Supplied data section start
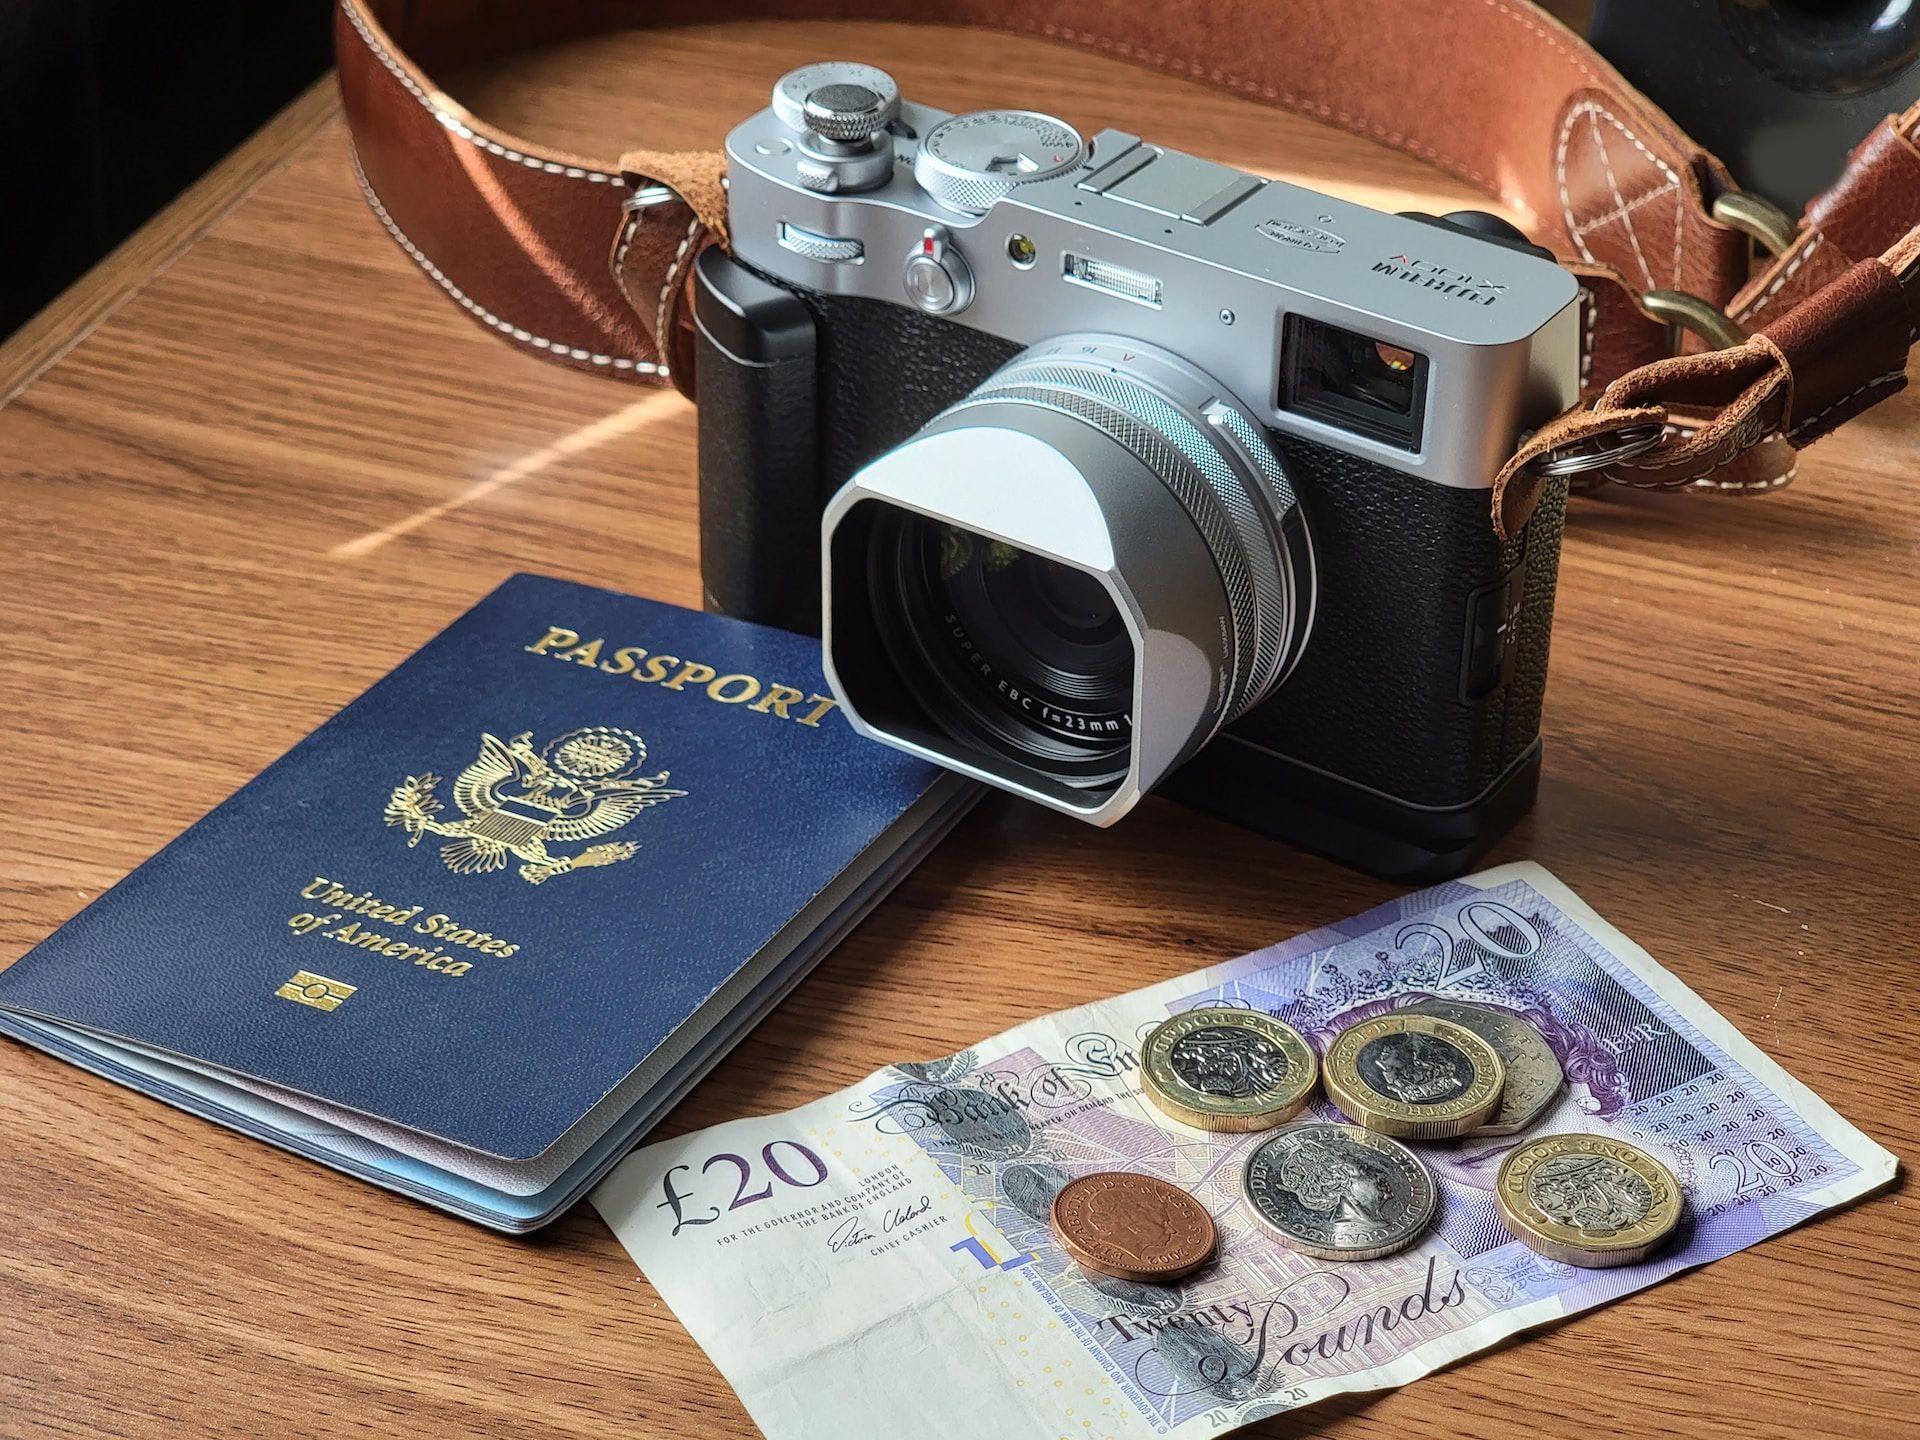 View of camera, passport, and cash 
Supplied data section end
Supplied data section start
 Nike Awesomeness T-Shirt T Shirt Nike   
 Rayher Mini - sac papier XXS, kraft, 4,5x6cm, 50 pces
Supplied data section end
**Exercise description**
Give back the records above exactly, limited to the lines between the one holding "Nike Awesomeness T-Shirt T Shirt Nike" and the one holding "Rayher Mini - sac", inclusive.

**Solution to this problem**
 Nike Awesomeness T-Shirt T Shirt Nike   
 Rayher Mini - sac papier XXS, kraft, 4,5x6cm, 50 pces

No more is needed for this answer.